4.3.2 Loading Soccer Data

From CSV Files:

# Load match data with explicit data types and date parsing.
# Specifying dtypes upfront prevents pandas from guessing incorrectly
# and saves memory for large files.
matches = pd.read_csv(
    'data/matches.csv',
    parse_dates=['match_date'],  # Convert string dates to datetime objects
    dtype={'match_id': 'int64', 'home_team': 'category'}  # category saves memory
)

# Load event data (large files --- be selective about columns)
# usecols avoids loading columns you do not need, saving memory and time.
events = pd.read_csv(
    'data/events.csv',
    usecols=['event_id', 'match_id', 'type', 'player', 'team'],
    dtype={'match_id': 'int32'}  # int32 uses half the memory of int64
)

From StatsBomb API:

from statsbombpy import sb

# List available competitions
competitions = sb.competitions()
print(competitions[['competition_id', 'competition_name', 'season_name']])

# Load World Cup 2018 matches
matches = sb.matches(competition_id=43, season_id=3)

# Load events for a specific match
events = sb.events(match_id=7298)  # World Cup Final

# Convert to more efficient dtypes after loading
events['minute'] = events['minute'].astype('int16')
events['second'] = events['second'].fillna(0).astype('int16')

Common Pitfall: When loading event data from StatsBomb or other providers, always inspect the data types and handle missing values before performing analysis. Many columns contain nested structures (lists, dictionaries) that pandas stores as Python objects. Extracting coordinates from the location column, for example, requires explicit parsing. Failing to handle NaN values in pass outcomes or shot details will cause silent errors in aggregation calculations.

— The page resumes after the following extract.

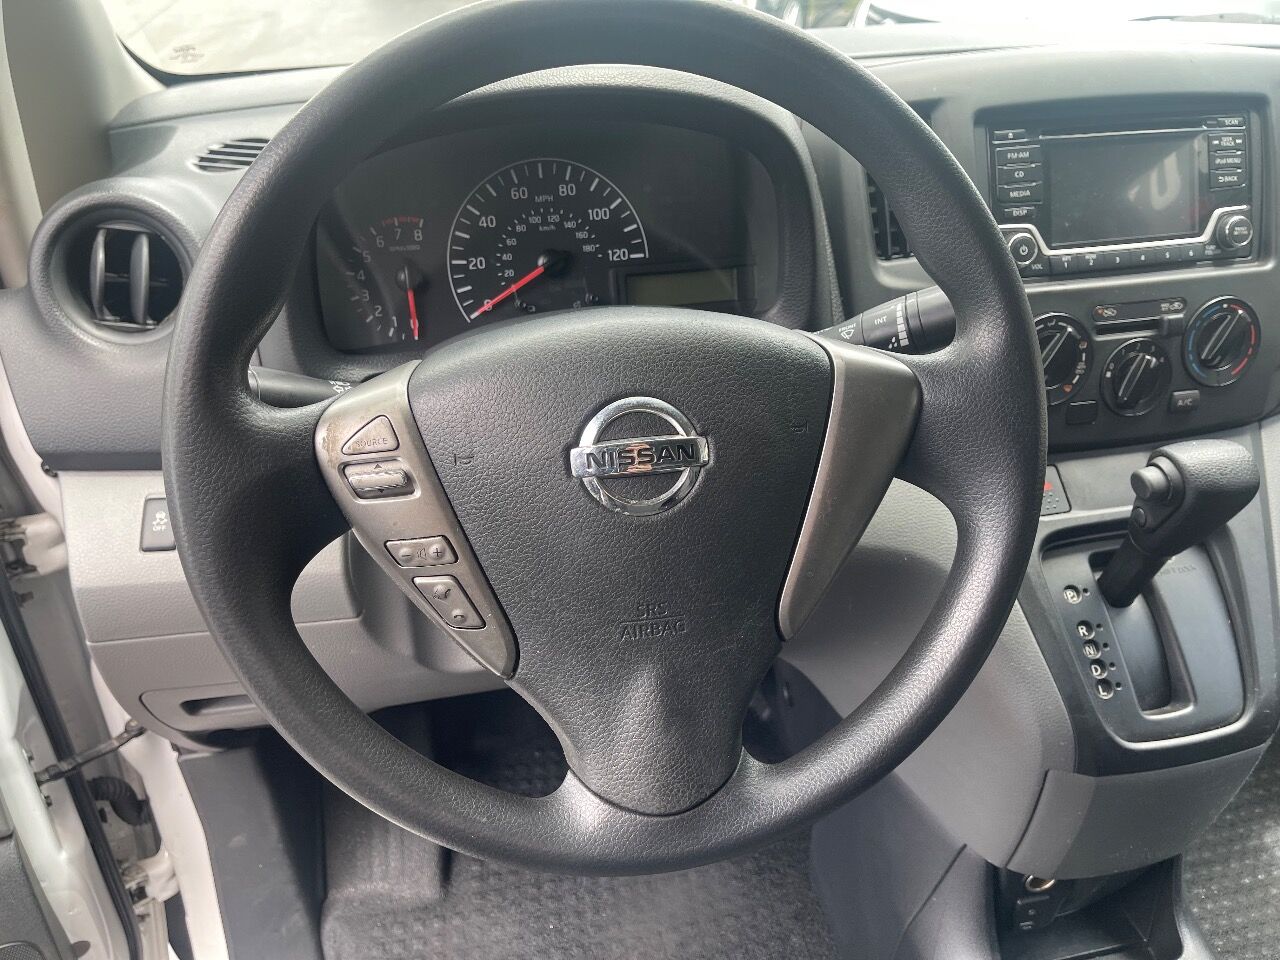 2018 Nissan NV200 Van - $18,900

Working with JSON Match Data:

Many data providers deliver match data in JSON format. Understanding how to parse nested JSON into flat DataFrames is an essential skill.

import json

def load_json_events(filepath: str) -> pd.DataFrame:
    """
    Load event data from a JSON file and flatten nested structures.

    Parameters
    ----------
    filepath : str
        Path to the JSON events file.

    Returns
    -------
    pd.DataFrame
        Flattened event data with one row per event.
    """
    with open(filepath, 'r', encoding='utf-8') as f:
        raw_events = json.load(f)

    # pd.json_normalize flattens nested dictionaries into columns.
    # For example, {'shot': {'xg': 0.35}} becomes a column 'shot.xg'.
    df = pd.json_normalize(raw_events, sep='_')

    return df

# Usage
events = load_json_events('data/raw/events_7298.json')
print(f"Loaded {len(events)} events with {len(events.columns)} columns")
print(events.columns[:20].tolist())  # Inspect first 20 column names

Best Practice: When working with JSON data, use pd.json_normalize() instead of manually parsing dictionaries. It handles nested structures automatically, creating column names from the nested keys separated by a delimiter. For deeply nested data (e.g., StatsBomb's freeze frame data), you may need multiple normalization passes.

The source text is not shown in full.